Array jobs are an easy way of taking advantage of Puhti's parallel processing capabilities. Array jobs are useful when same code is executed many times for different datasets or with different parameters. In GIS context, a typical use case would be to run some model on a study area split into multiple files, where the output from one file doesn't have an impact on the result of another area.

In the array job example the idea is that the R script will run one process for every given input file as opposed to running a for loop within the script. That means that the R script has to read the file to be processed from commandline argument.

  • 05_array/array_batch_job.sh array job batch file. Changes compared to simple serial job:

    • Fix the project name in the beginning of the file to match your CSC project name.
    • --array parameter is used to tell how many jobs to start.

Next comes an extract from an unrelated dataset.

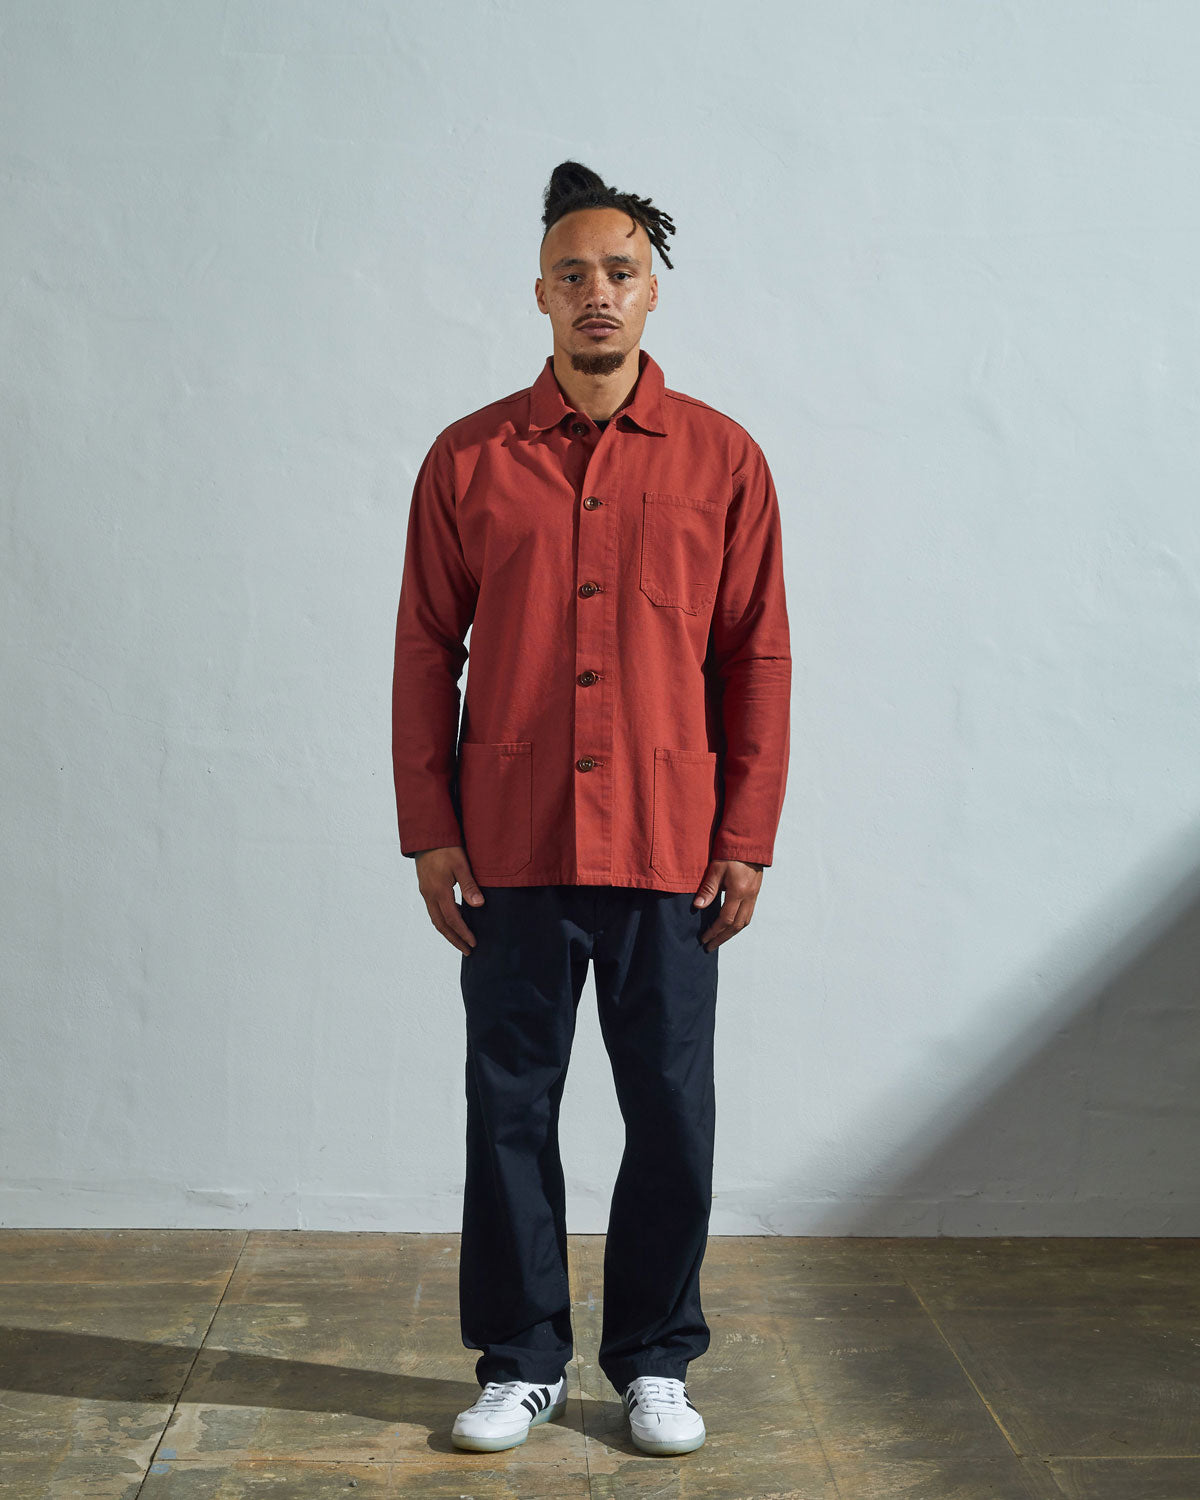 Full-length frontal view of model wearing #3001, terracotta red overshirt paired with dark blue jeans.

Value 1-3 in this case means that $SLURM_ARRAY_TASK_ID variable will be from 1 to 3.
      • sed is used to read the lines from mapsheets.txt file and make the lines available as bash script variables.
      • The R script is started with file name as argument.
    • Output from each job is written to slurm-<job_id><array_id>.out and slurm-<array_id>%a.err files.
    • Memory and time allocations are per job.
    • The image name is provided as an argument in the batch job script to the R script.
  • 05_array/Contours_array.R.

    • R script reads the input DEM file from the argument, which is set inside the batch job file.
    • For loop has been removed, each job calculates only one file.
  • Submit the array job

cd ../05_array
sbatch array_batch_job.sh
  • Check with seff and sacct how much time and resources you used?